This is the hands-on material for Reproducible Research. These are series of excercises to help you get started with reproducible research using R. You can consult the RMarkdown cheatsheet for quick reference.
Create a new project in RStudio by going to File > New Project > New Directory
. Select New Project
if required. Then label the project name and the directory. An empty project is created. The R session has been refreshed. All variables are removed and the environment is cleared.
Create a new RMarkdown file by going to File > New File > RMarkdown...
. Use the default options.
The environment within R is going to be managed by renv
,
while lower level, such as versions of R, can be managed by Conda management system.
You can skip Conda at the moment, if you want, install renv
package using install.packages("renv")
on R, and continue to renv
section below, instead.
Regarding Conda, please refer to the link for questions about the installation.
If your project includes programs written in other programming languages, e.g. Python, the overall environment can be managed by Conda.
NBIS has a dedicated workshop titled Tools for reproducible research which covers more on Conda and other programs for reproducible research.

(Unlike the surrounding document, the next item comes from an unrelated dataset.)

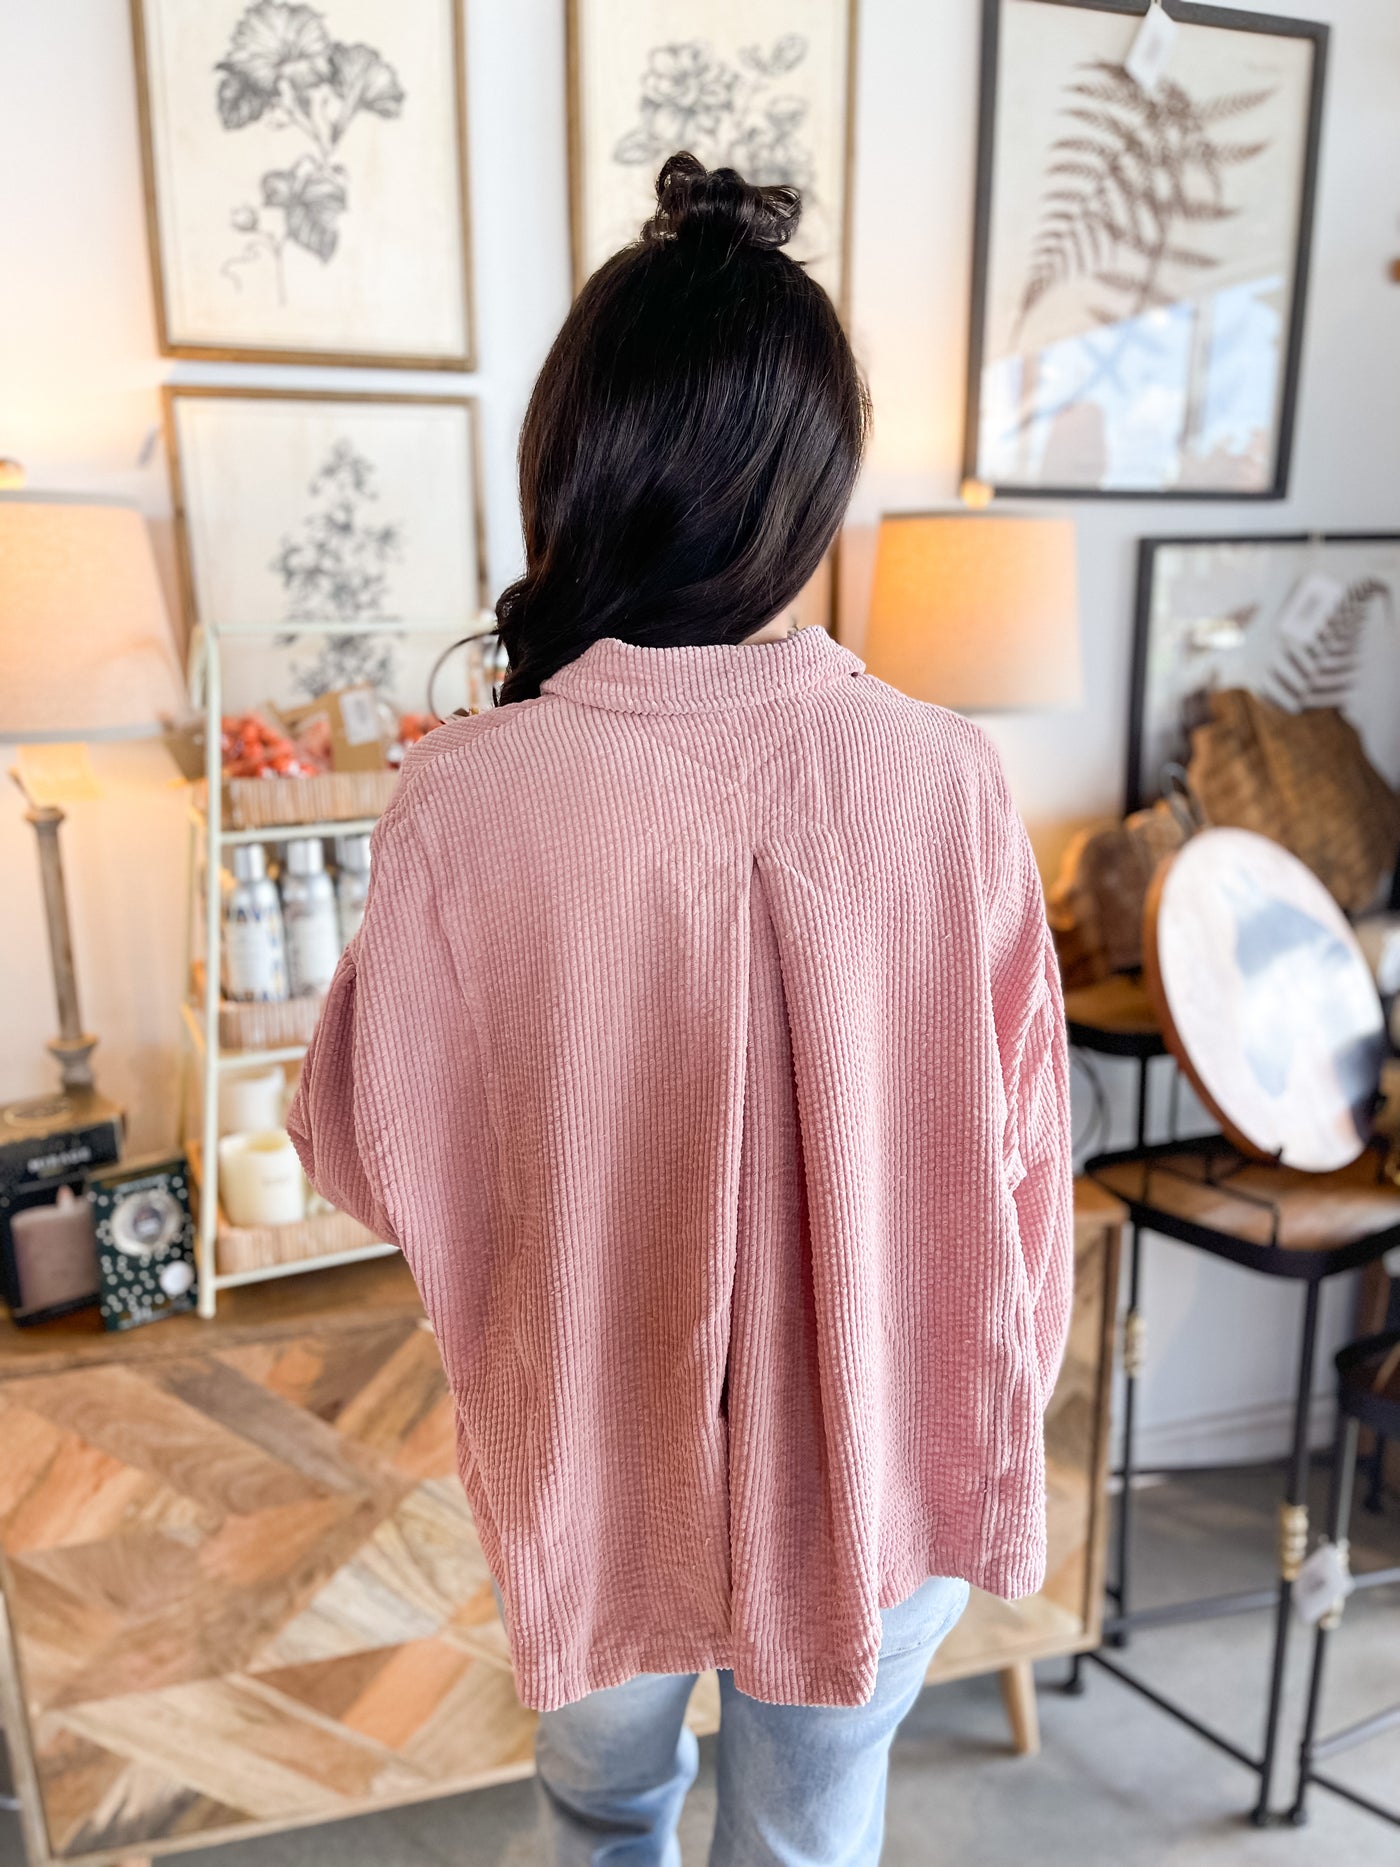 Blush Cord Button Up Top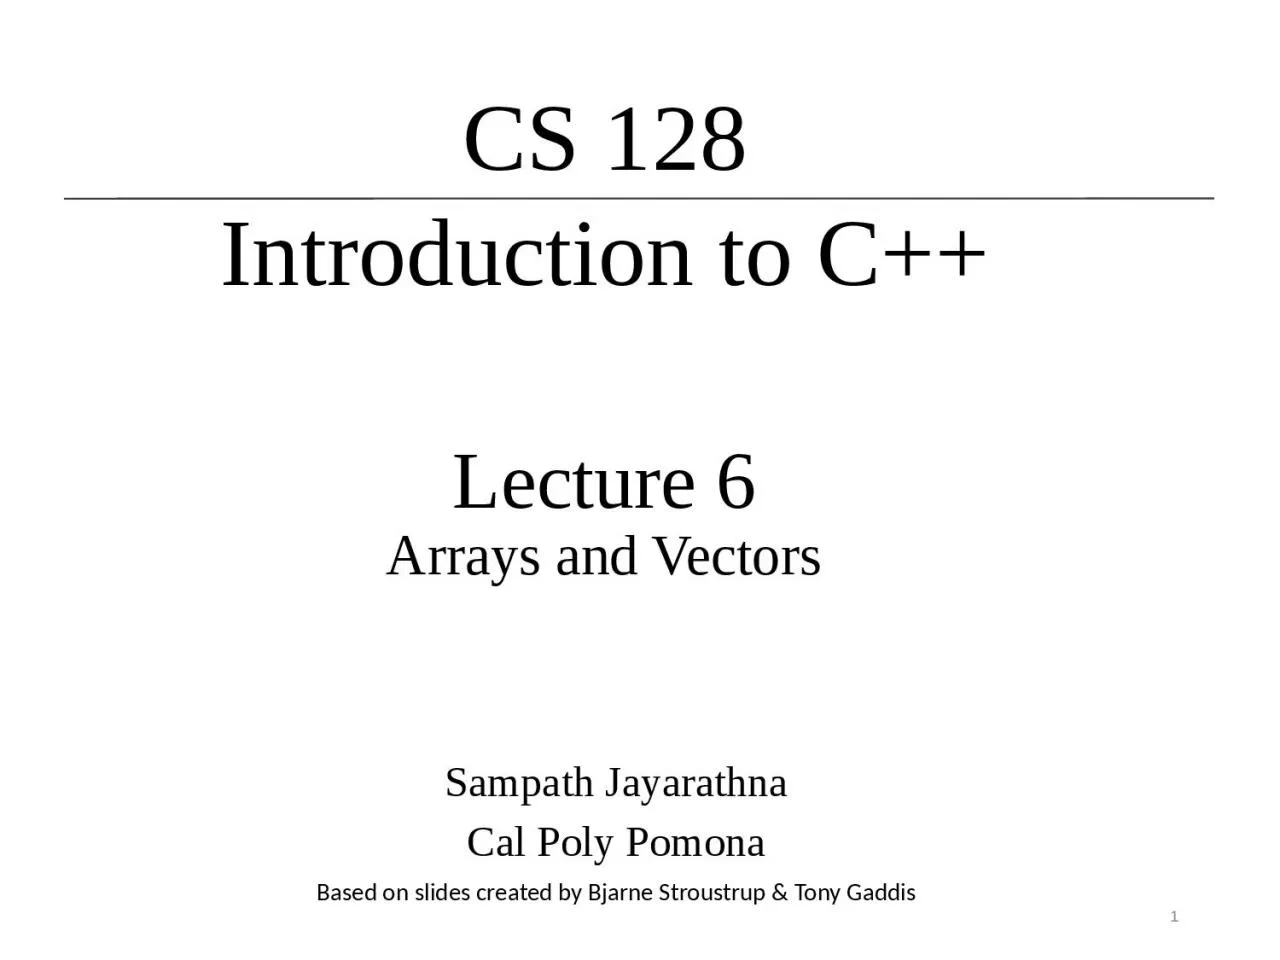 Lecture 6 Arrays and Vectors

For R, we can start with a simple environment file by creating a file named environment.yml
having following text.
It describes which versions of R, renv
and tidyverse
are to be installed.
The file should be created on the folder of your project, as fancy_project/environment.yml
.
channels:
- conda-forge
dependencies:
- conda-forge::r=4.0
- conda-forge::r-renv=0.12.1
- conda-forge::r-tidyverse=1.3.0
Using Terminal (Mac/Linux) or Command line (Windows), run following commands to create an environment and activate it.
conda env create -n fancy_env -f environment.yml
conda activate fancy_env
The environment within R, e.g. installed packages, is managed by renv
.
A good reference about the package is available at “introduction to renv
”.
The first step is the initialization of a local environment using the command in R below.
renv::init()
As an alternative, you could choose to initialize renv
when an R project is created as shown below.
After the command, you may find renv
folder and renv.lock
file created.
Check the file renv.lock
using a text viewer or less
command on Mac/Linux.
Whenever a package should be installed, please use renv::install
instead of install.packages
as below.
renv::install("dplyr") # from CRAN
renv::install("bioc::Biobase") # from Bioconductor
renv::install("StoreyLab/qvalue") # from GitHub
# from GitLab/Bitbucket
# renv::install("[gitlab|bitbucket]::`*user name*`/`*repository*`")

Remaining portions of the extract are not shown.